Рассылка Черты
«Черта» — медиа про насилие и неравенство в России. Рассказываем интересные, важные, глубокие, драматичные и вдохновляющие истории. Изучаем важные проблемы, которые могут коснуться каждого.

Нет иноагентов, есть журналисты

Данное сообщение (материал) создано и (или) распространено
средством массовой информации, выполняющим свои функции

«Я завидовал друзьям, которые могут рассказать родителям о случившемся»: насилие в ЛГБТ-парах

Насилие в ЛГБТ-парах абьюз
Читайте нас в Телеграме
ПО МНЕНИЮ РОСКОМНАДЗОРА, «УТОПИЯ» ЯВЛЯЕТСЯ ПРОЕКТОМ ЦЕНТРА «НАСИЛИЮ.НЕТ», КОТОРЫЙ, ПО МНЕНИЮ МИНЮСТА, ВЫПОЛНЯЕТ ФУНКЦИИ ИНОСТРАННОГО АГЕНТА
Почему это не так?

Кратко

Когда происходит насилие, пострадавшим важно получить помощь: от друзей, родственников, специалистов. Часто нужна просто поддержка без осуждения. В квир-парах само насилие такое же, как и в гетеронормативных, но все усложняется гомофобией и невидимостью. Из-за этого ЛГБТ-люди оказываются вдвойне уязвимыми, чаще всего им некуда обратиться за помощью. «Черта» рассказывает про специфику насилия внутри ЛГБТ-сообществ и о том, как можно изменить существующую систему.

Семьи, которых нет

Порой внешняя среда настолько враждебна, что оставаться в абьюзивных отношениях безопаснее, чем рассказать о них. Когда от человека отворачиваются родственники и друзья, остается только партнер-агрессор, а попросить помощи значит столкнуться с осуждением, гомофобией и аутингом. По этой причине квир-люди нередко остаются в таких отношениях и терпят партнерское насилие. Абьюз и насилие проявляются так же, как и в гетеронормативных парах, но с поправкой на проблемы ЛГБТ-людей. Прежде всего, речь о невидимости.
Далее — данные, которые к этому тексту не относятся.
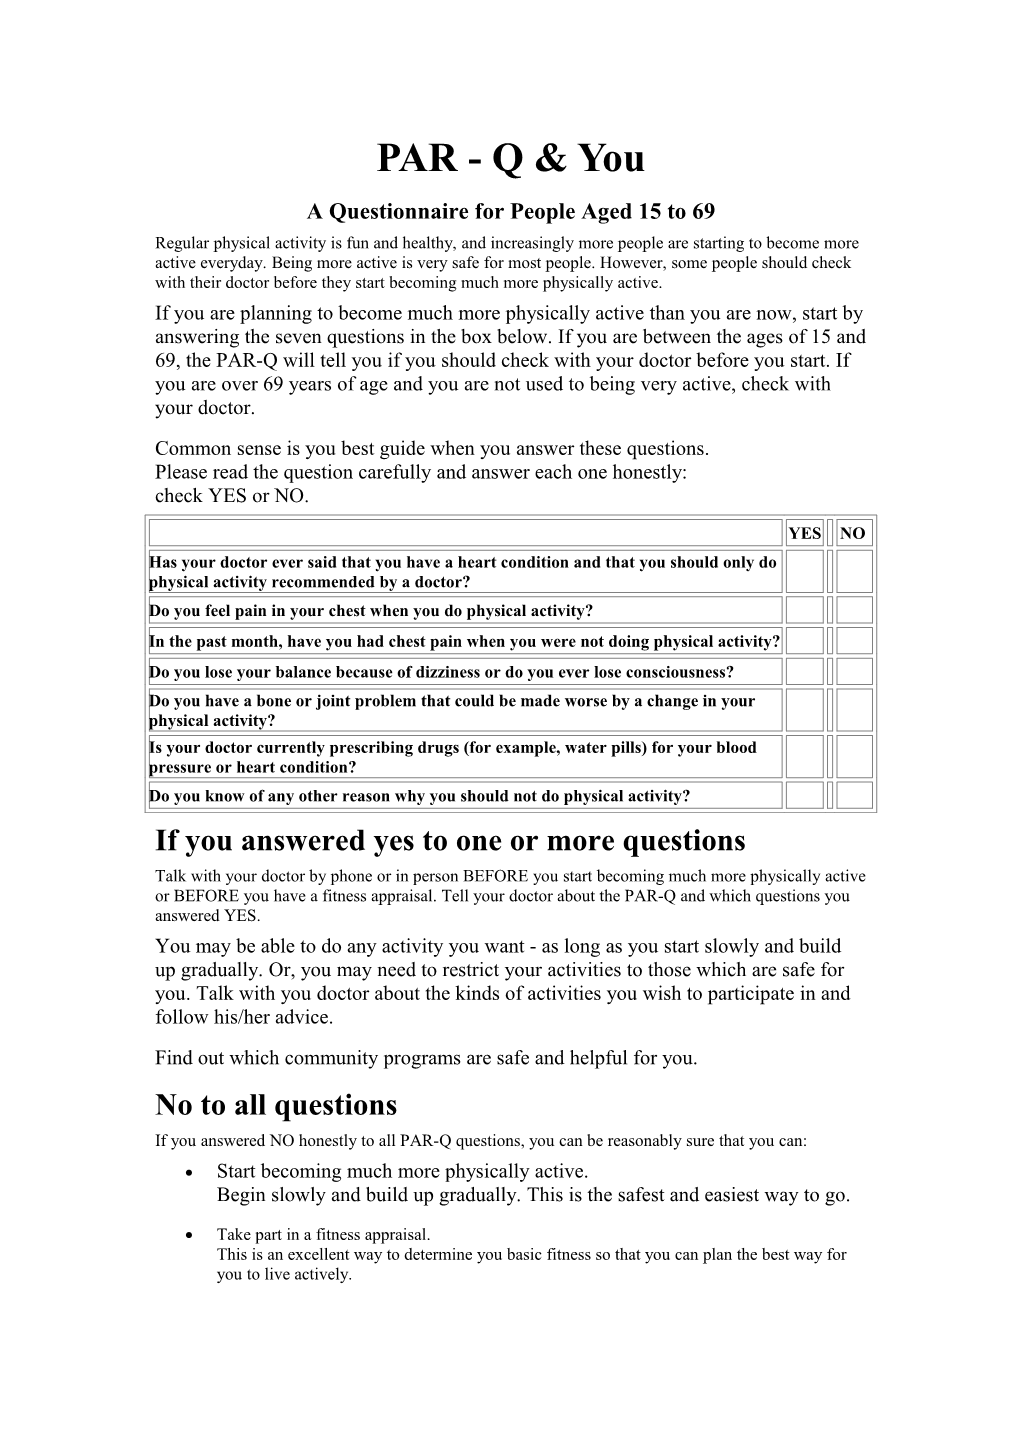 A Questionnaire for People Aged 15 to 69

В кампаниях по борьбе с домашним насилием рассматривают исключительно гетеронормативные союзы. «Они строятся на том, что есть человек, переживший насилие, чаще всего это женщины. И есть некий насильник, автор насилия, как правило, это мужчина. Из этой кампании исключены все квир-партнерства. Как мы можем говорить о видимости насилия или том, что с ним делать, если мы его не видим?» — обращает внимание координатор проектов в Московском коммьюнити-центре для ЛГБТ+ инициатив, кандидат психологических наук Валентина Лихошва.

Гомофобия вынуждает квир-людей скрывать ориентацию и сам факт наличия отношений. В этой ситуации рассказать об абьюзе значит совершить каминг-аут на работе, в разных учреждениях и инстанциях. Когда происходит насилие, у людей часто нет даже возможности вызвать полицию — правоохранительные органы в России за редким исключением не умеют работать с ЛГБТ, ведут себя крайне нетолерантно или могут рассказать другим про гомосексуальное партнерство, то есть сделать хуже.

«Еще добавим фактор, что общество в целом не знает, что такое насилие, какое оно имеет формы и как ему противодействовать, — продолжает Лихошва, — получается многослойный пирог, в котором квир-семьи — точка абсолютной невидимости. Пострадавшие не понимают, что происходит и куда обращаться. Если у гетеросексуальной женщины есть хотя бы какие-то механизмы для помощи, то что делать той, которая живет в партнерстве с женщиной?»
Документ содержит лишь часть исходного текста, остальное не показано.